▸ Task directions: Go to the line holding "The Ultimate Guide" in the data below. Return it and each line after it through the last, exactly, and skip the pictures.

▸ Data block:

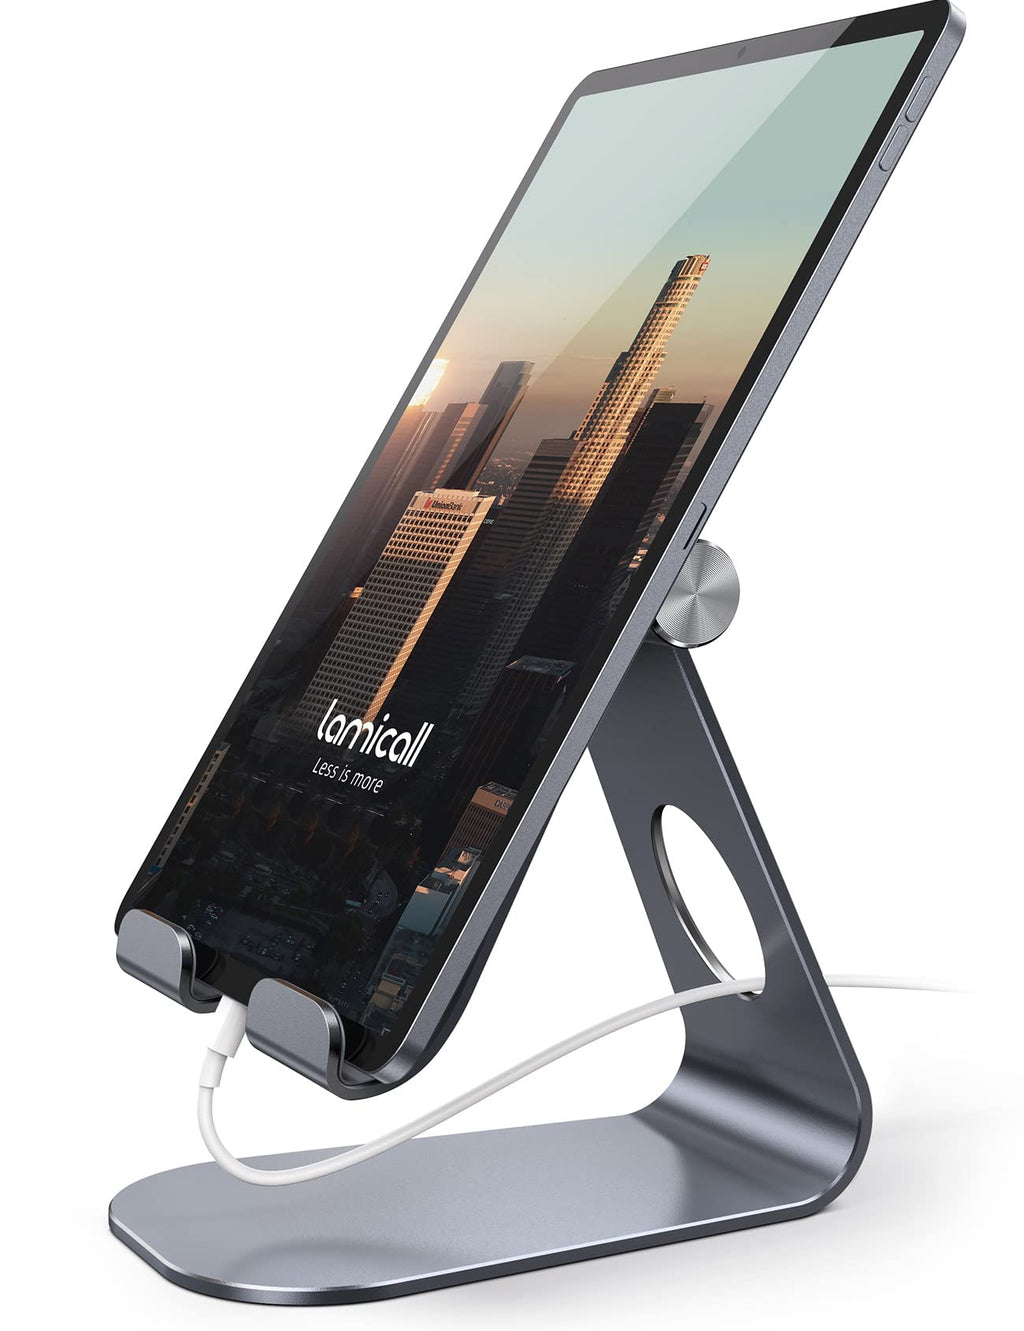  [AUSTRALIA] - Tablet Stand Adjustable, Lamicall Tablet Stand : Desktop Stand Holder Dock Suitable to New iPad 2017 Pro 9.7, 10.5, Air Mini 2 3 4, Kindle, Nexus, Accessories, Tab, E-Reader, (4-13 inch) - Gray
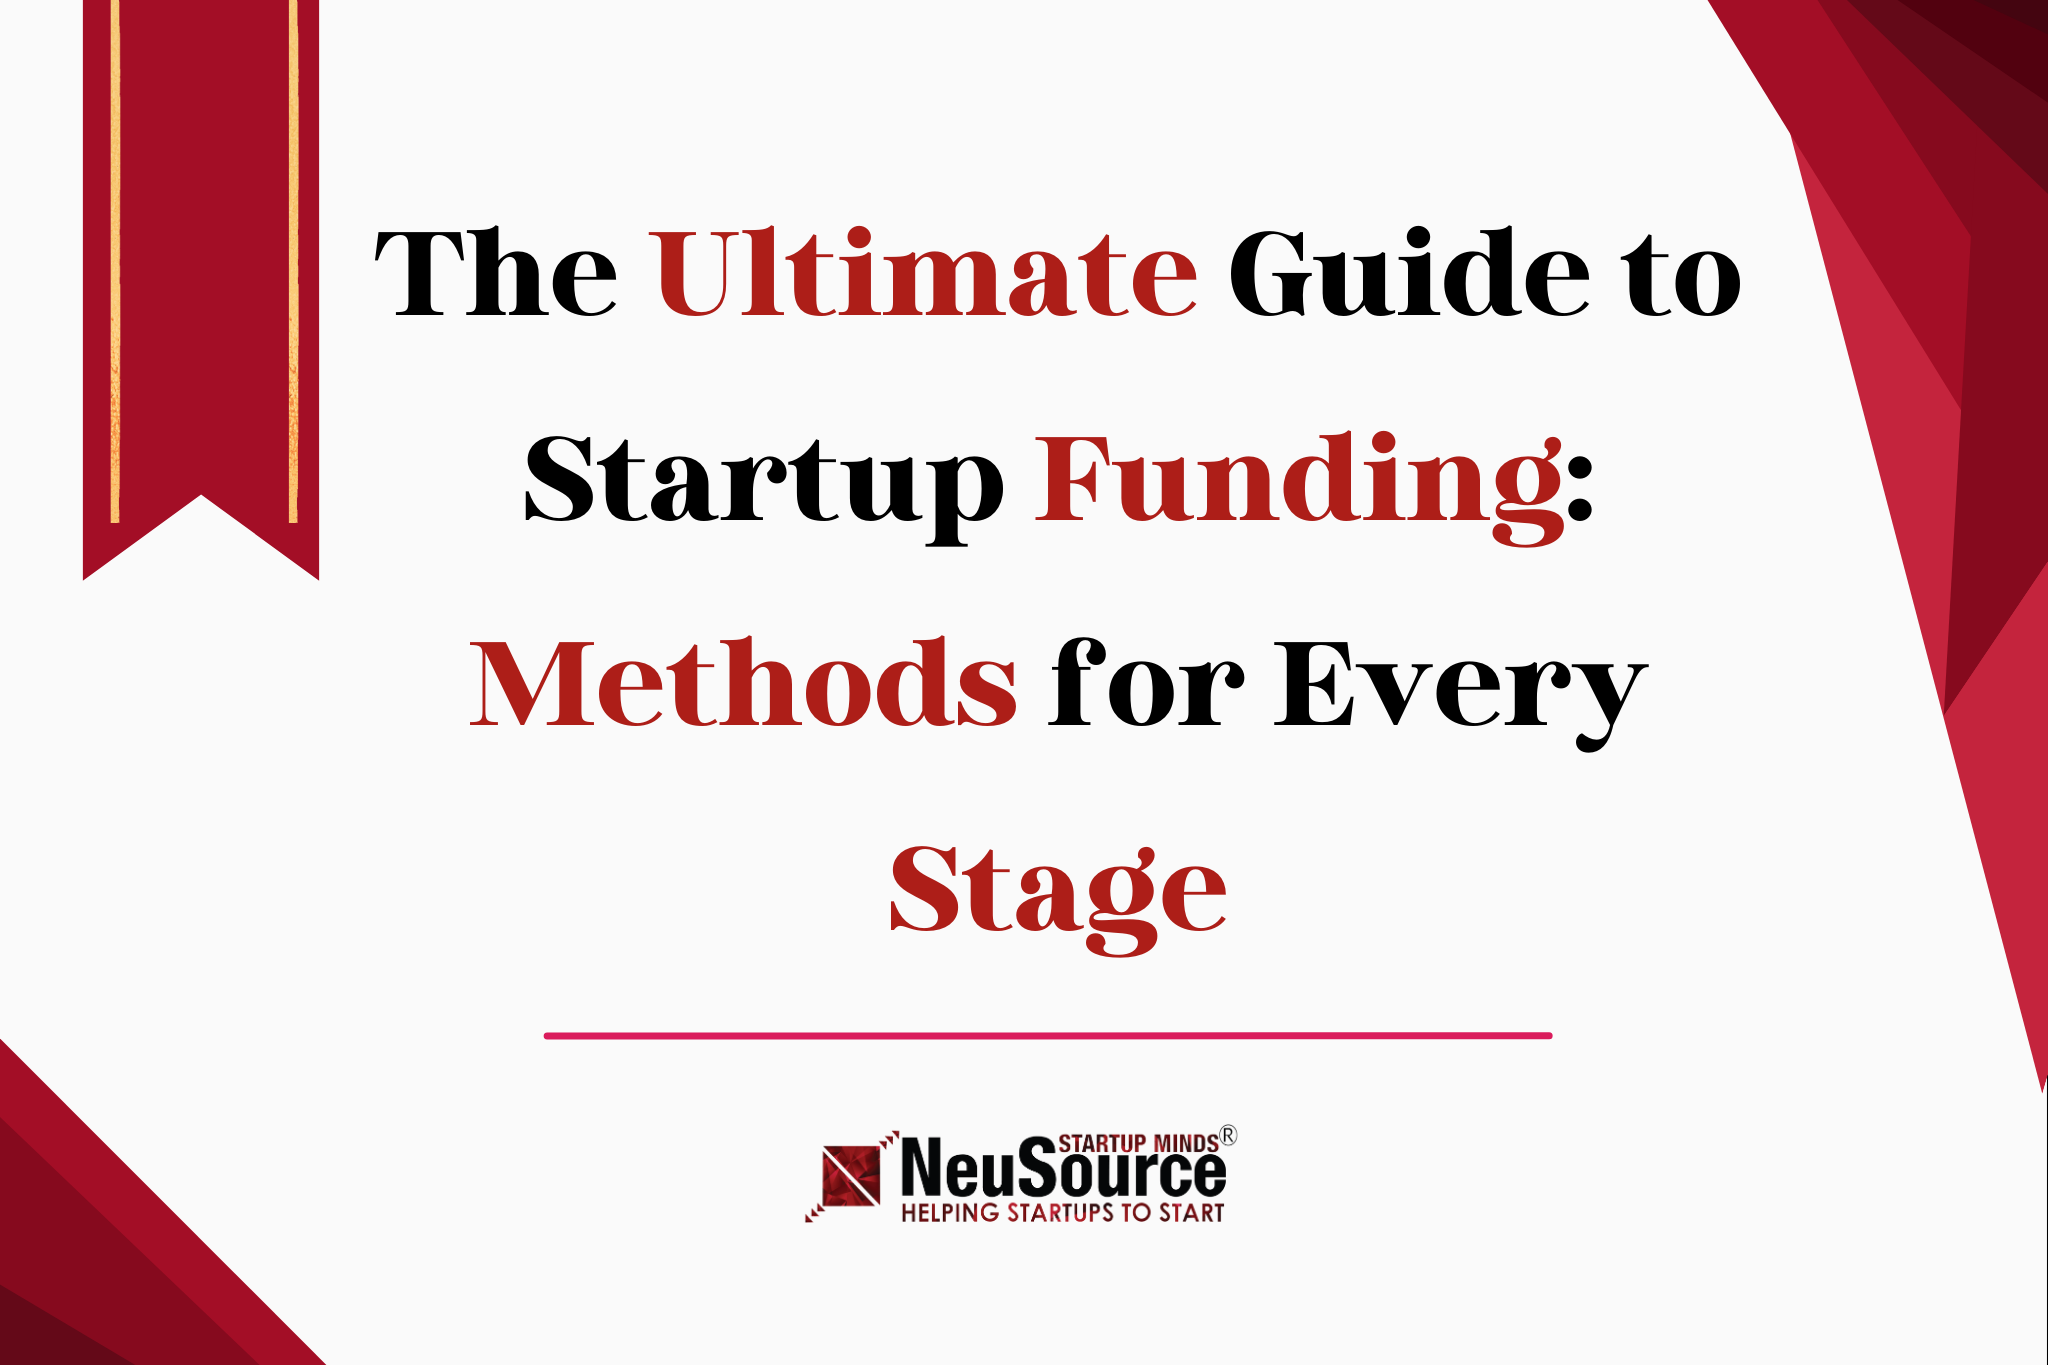 The Ultimate Guide to Startup Funding Stages 
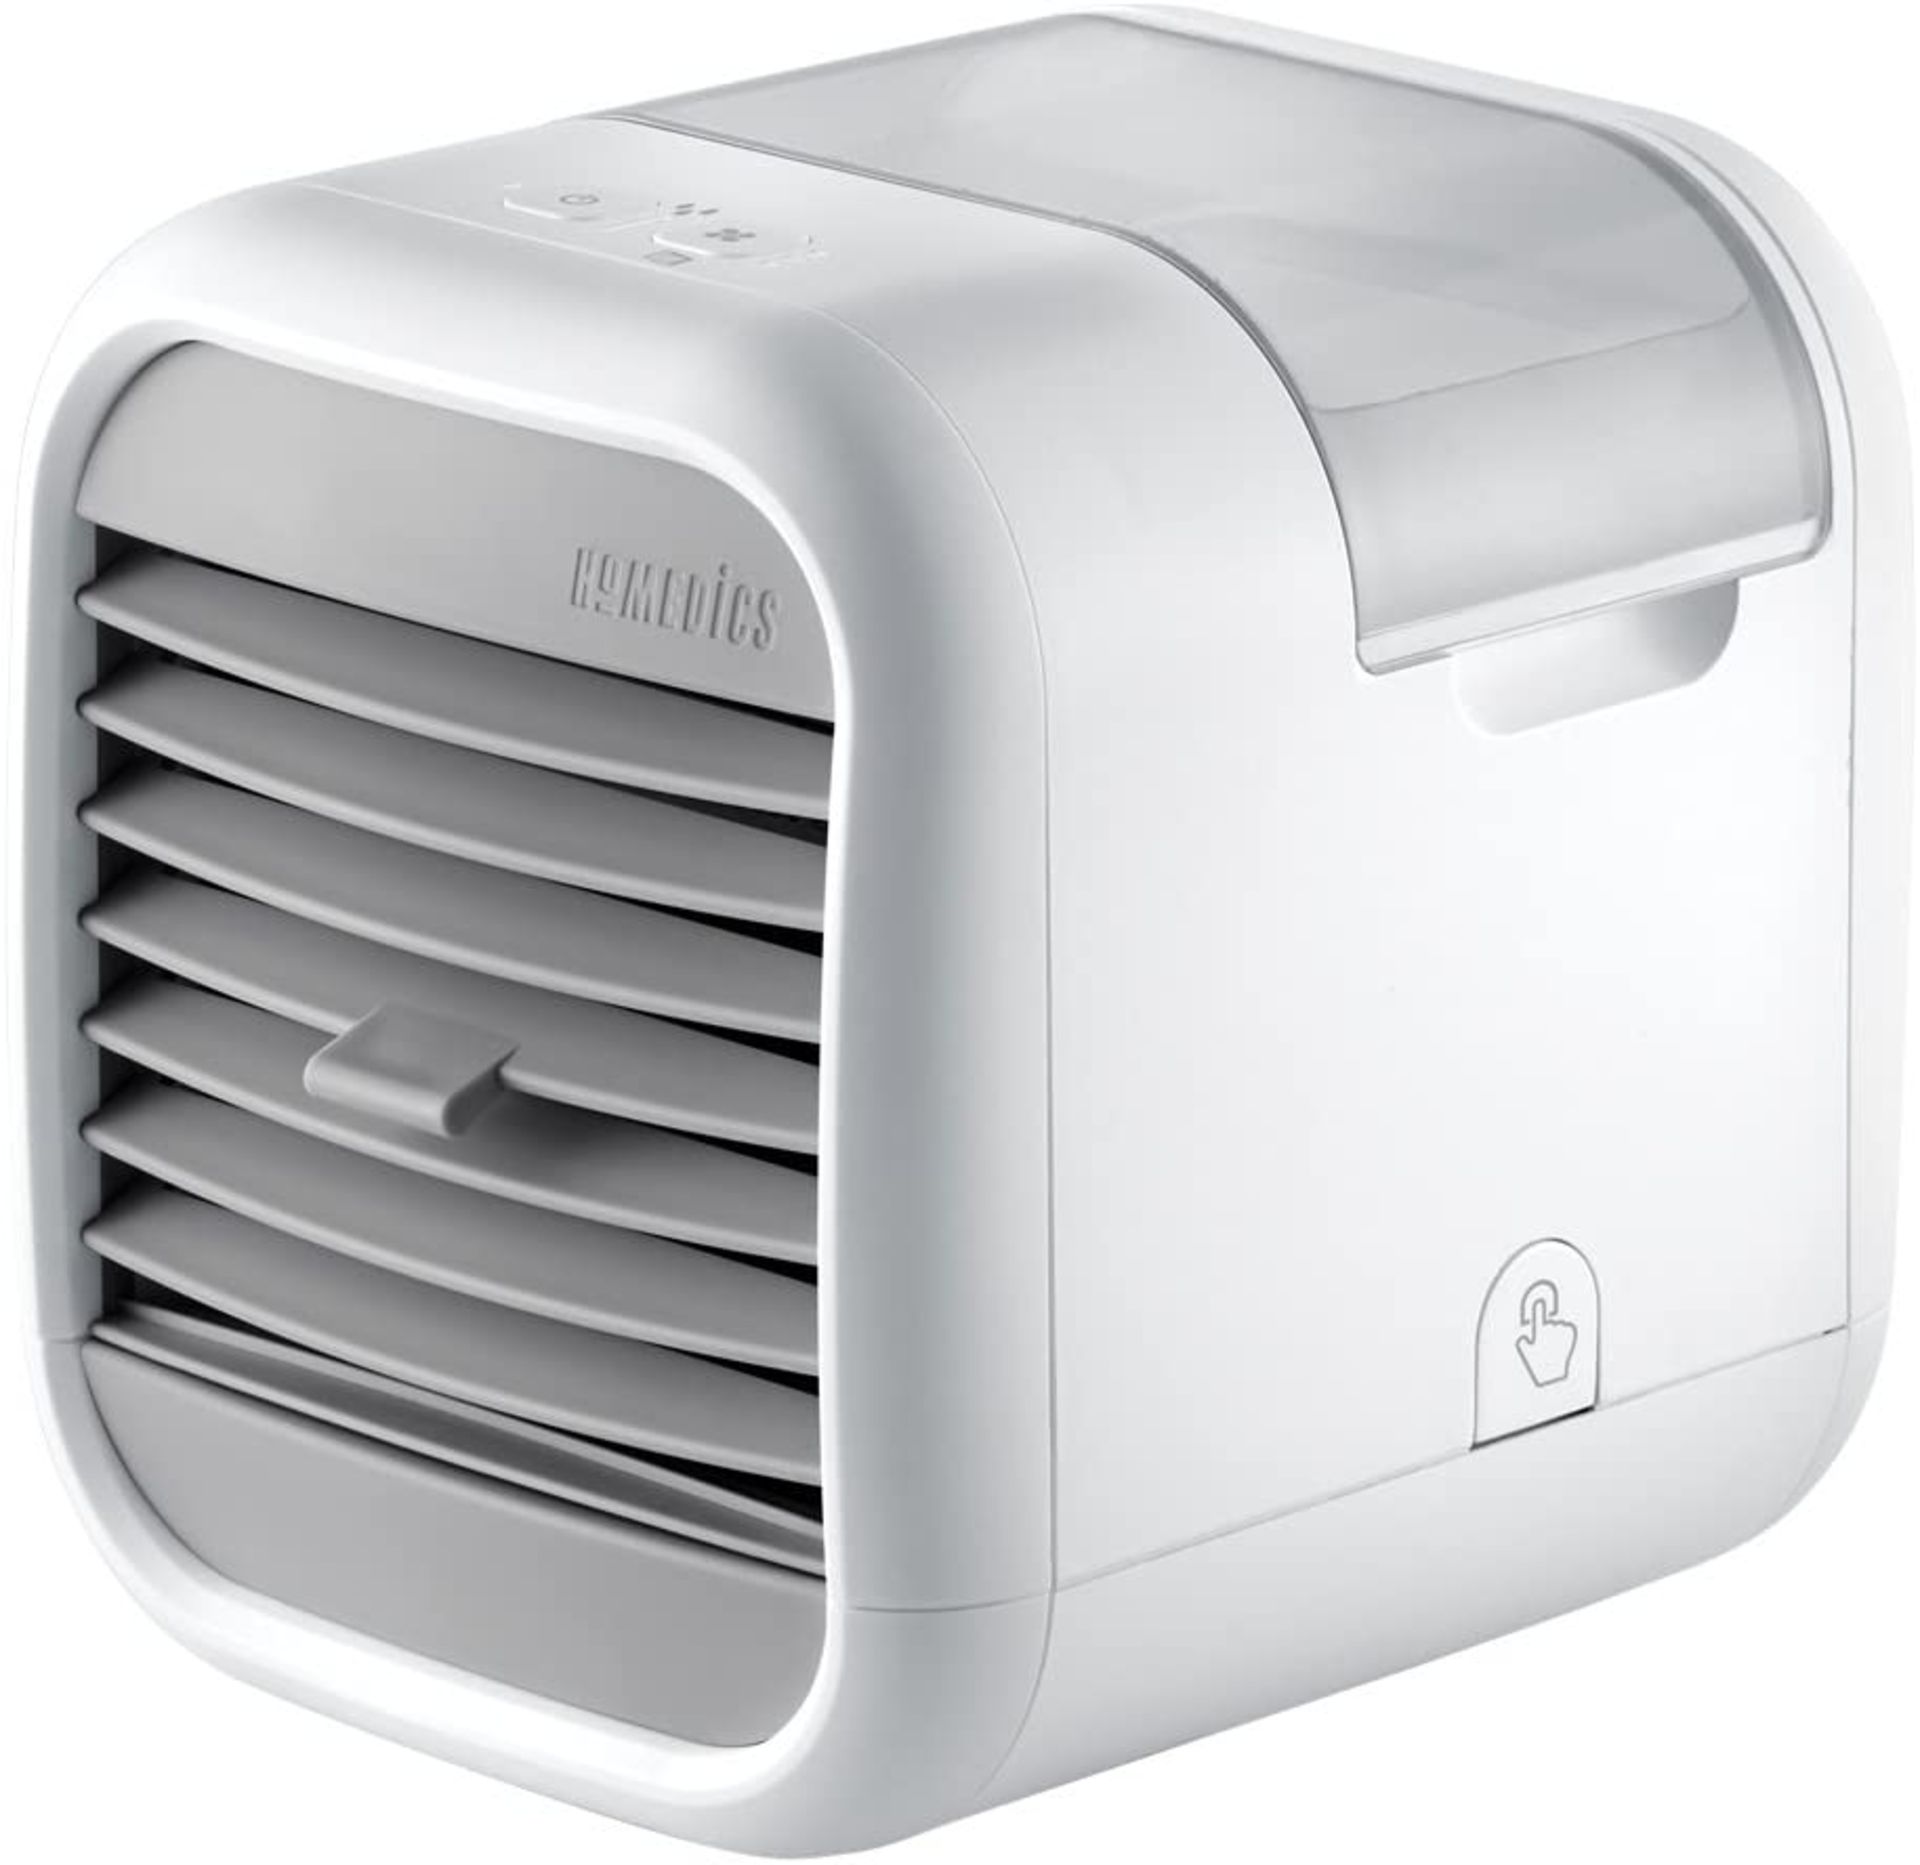 + VAT Grade A Homedics My Chill Plus Personal Space Cooler - 1.8m (6ft) Cooling Zone - Cools Your

▸ Result for this task:
 The Ultimate Guide to Startup Funding Stages 
 + VAT Grade A Homedics My Chill Plus Personal Space Cooler - 1.8m (6ft) Cooling Zone - Cools Your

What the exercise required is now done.